Chu Yunfan estaba librando la batalla más difícil de su vida. Oleadas interminables de monstruos arrasaban con todo, cubriendo el cielo y la tierra. Afortunadamente, contaba con la ayuda de Tang Siyu. Ambos eran muy hábiles y tenían un entendimiento tácito; ya habían cooperado muchas veces. Y con la ayuda de la Bestia Alada de Trueno, apenas lograban mantenerse firmes.
¡Corte!
El Sable Sin Sombra de Chu Yunfan derribó a un monstruo. Él jadeaba pesadamente y sentía todo el brazo entumecido. Por fin comprendió por qué en algunos libros de batallas antiguos constaba que incluso los expertos en artes marciales exitosos en su cultivo solo podían huir ante el ataque sorpresa de miles de soldados. Si eran rodeados, el resultado final era la muerte.
Si uno alcanzaba la Etapa Innata y abría el puente del Cielo y la Tierra, podía tomar prestado el poder del Cielo y la Tierra. Entonces, no solo su fuerza aumentaría enormemente, sino que su resistencia también mejoraría en gran medida. Solo entonces le sería posible aniquilar a todo un ejército. De lo contrario, incluso con un gran nivel de fuerza, uno acabaría muriendo de agotamiento.
Las pocas horas de lucha no se detuvieron ni un segundo. Los monstruos que oscurecían el cielo y cubrían la tierra barrían la zona continuamente. No le daban ni un segundo para recuperar el aliento.
El Sable Sin Sombra de Chu Yunfan estaba cubierto de sangre de monstruo mientras lo blandía sin cesar. En esta intensa batalla, aunque el portador pudiera aguantar, el Sable Sin Sombra no resistiría mucho más.
En una batalla de tan alta intensidad, el consumo de fuerza era mucho mayor de lo habitual. La mayoría se había retirado para reorganizarse durante las horas de combate. En medio de esta batalla, Chu Yunfan permanecía firme en su sitio, como un bastión inamovible. Sin importar la clase de monstruo que fuera, le era imposible sobrepasarlo.
Por supuesto, no había muchos monstruos poderosos en el enjambre.

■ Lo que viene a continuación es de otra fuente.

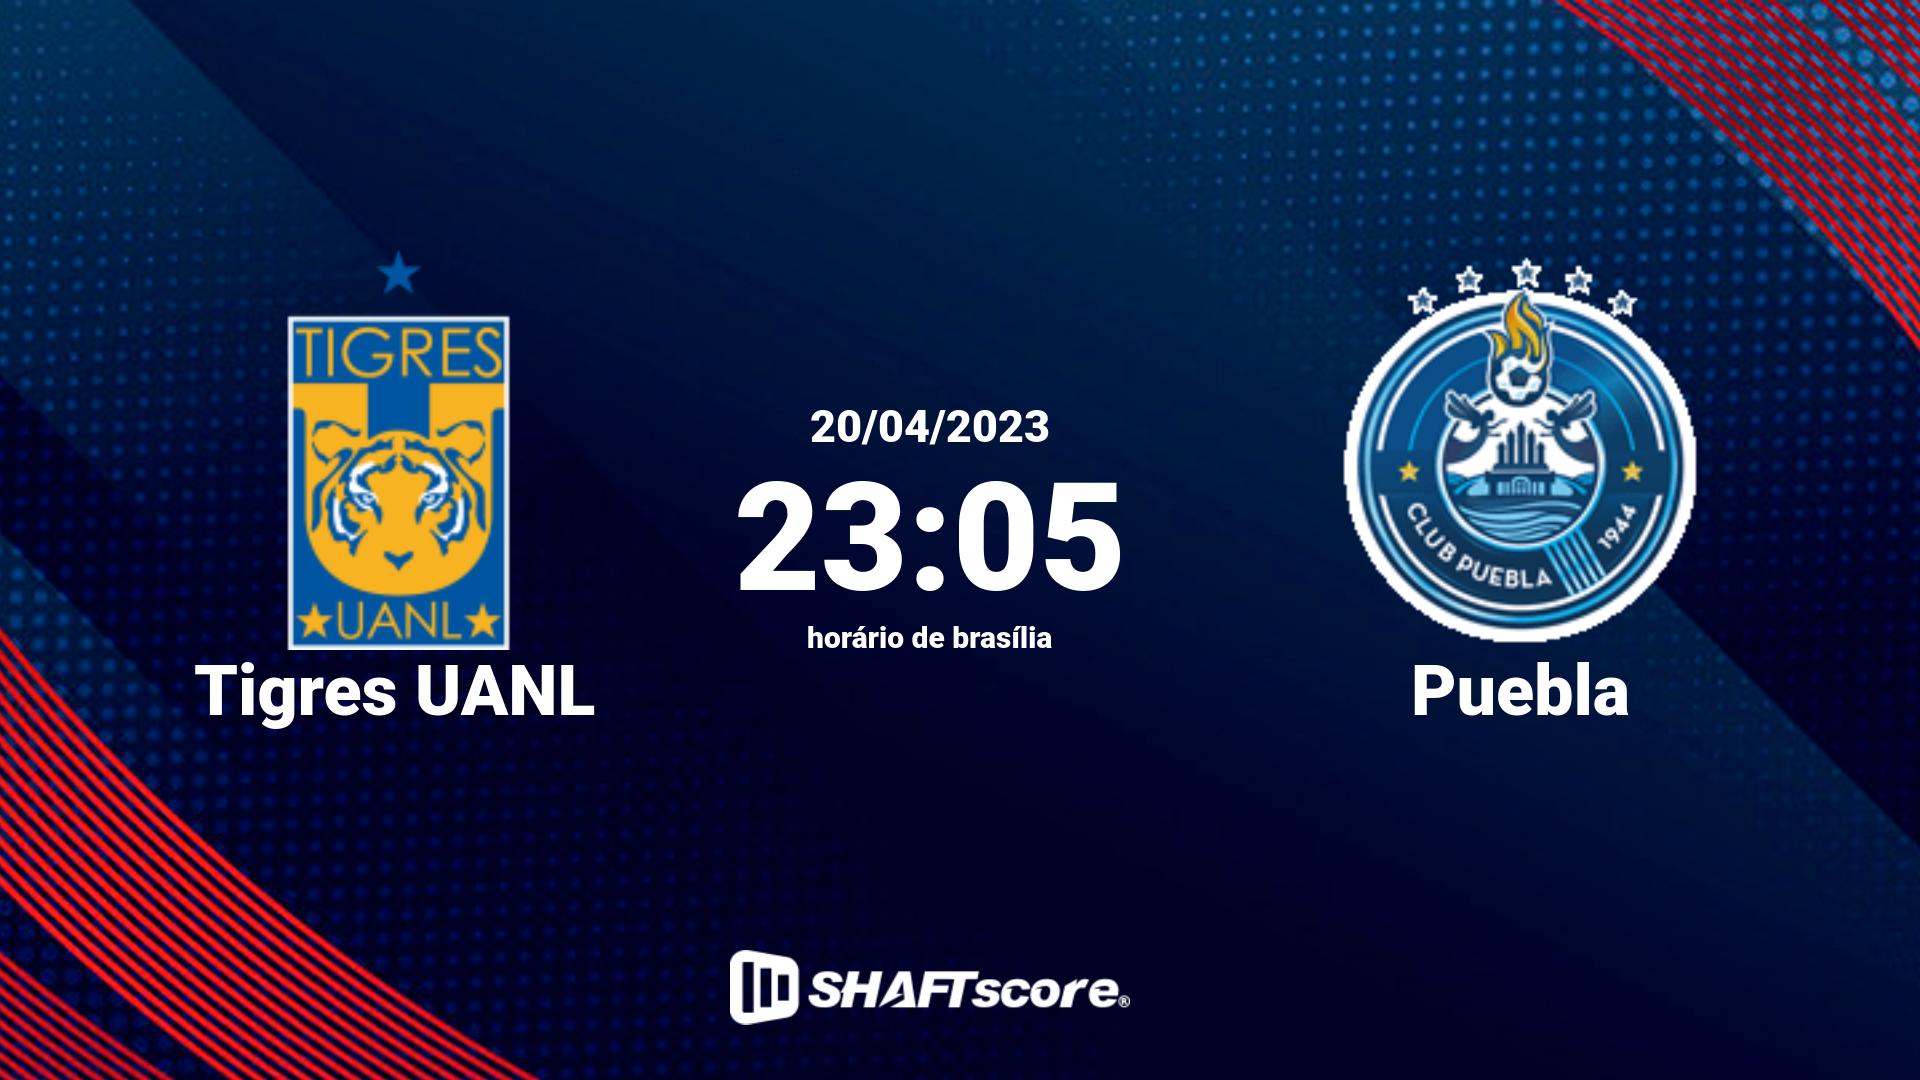 Estatísticas do jogo Tigres UANL vs Puebla 20.04 23:05

E incluso si aparecían, eran rápidamente aniquilados por los expertos del Ejército de la Federación. No afectaban a la línea de defensa en general.

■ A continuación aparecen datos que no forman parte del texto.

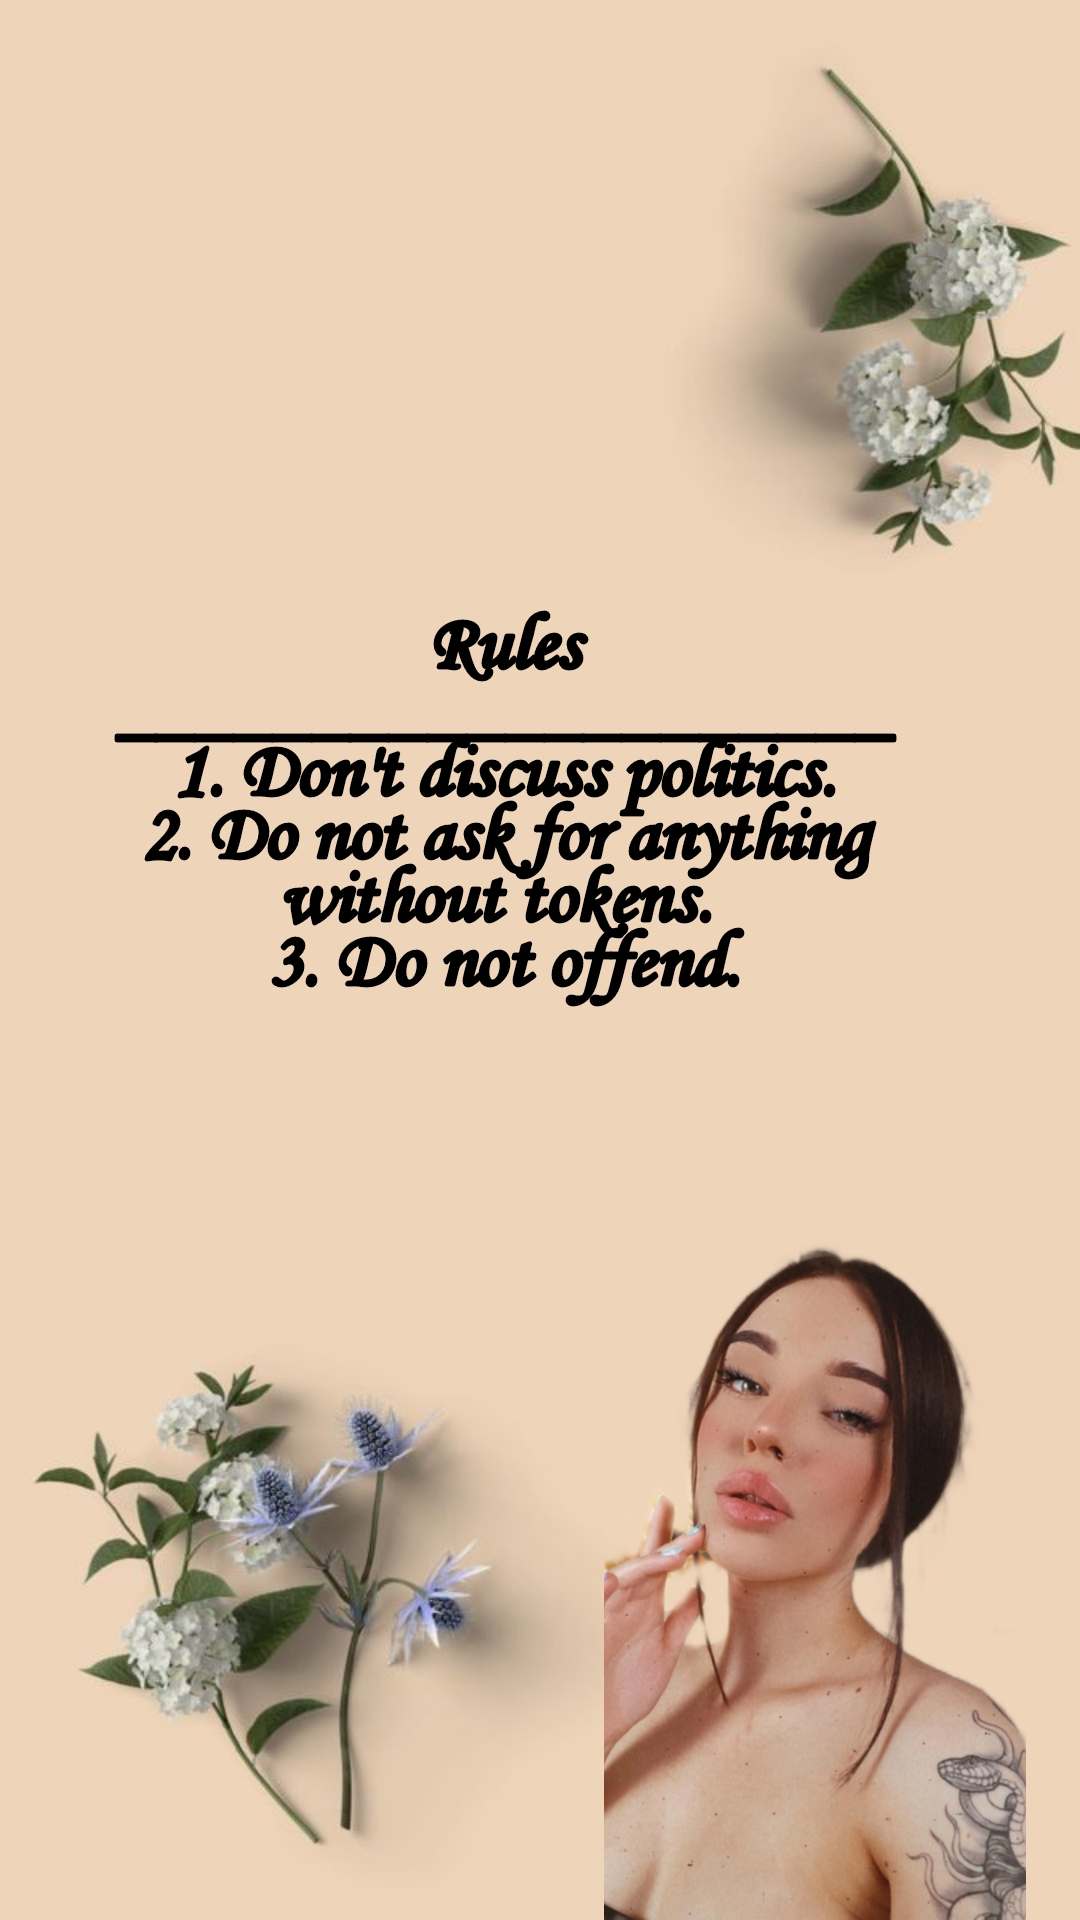 Krisssy1 Правила / Rules image: 1

Esos monstruos verdaderamente aterradores eran demasiado poderosos. Un solo monstruo Innato podía romper toda la línea de defensa de un solo golpe. En ese momento, ni diez Chu Yunfans serían capaces de bloquear la embestida de un monstruo Innato. Por eso, había expertos del Ejército de la Federación para encargarse de esos monstruos tan poderosos.
En ese momento, la gente que rodeaba a Chu Yunfan ya había rotado varias veces. Muchos habían resultado heridos y tuvieron que retirarse a recuperarse. Chu Yunfan era el único que no retrocedía.

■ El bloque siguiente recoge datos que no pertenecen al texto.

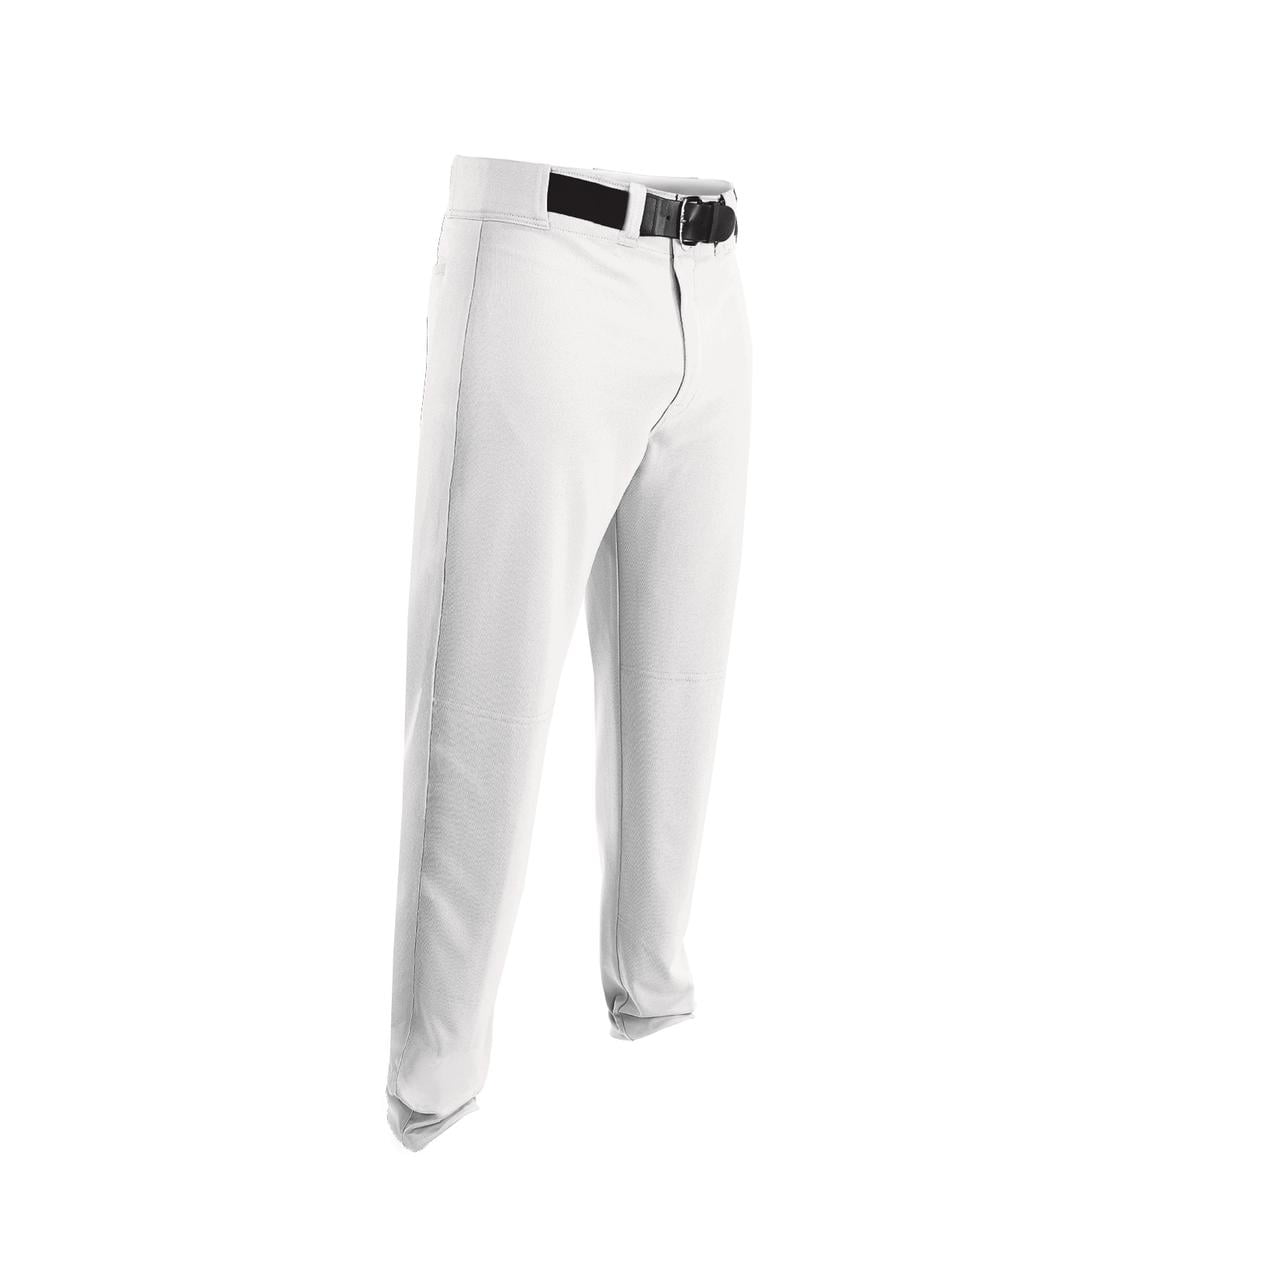 Rawlings Youth Boys White Buttoned Baseball Pants Elastic Bottoms Medium M New

El Sable Sin Sombra de Chu Yunfan se había deformado. Simplemente arrojó el arma a un lado y empezó a luchar contra los monstruos a mano limpia.
Todos se quedaron boquiabiertos. Nunca esperaron que las técnicas de combate de Chu Yunfan fueran tan violentas. Pero pronto, sus ojos casi se salieron de sus órbitas.
Mientras ambos bandos luchaban, los monstruos salían despedidos por los puñetazos de Chu Yunfan. Y Chu Yunfan parecía no inmutarse.
Esto convirtió a Chu Yunfan en una visión asombrosa en un radio de mil metros de la línea de defensa.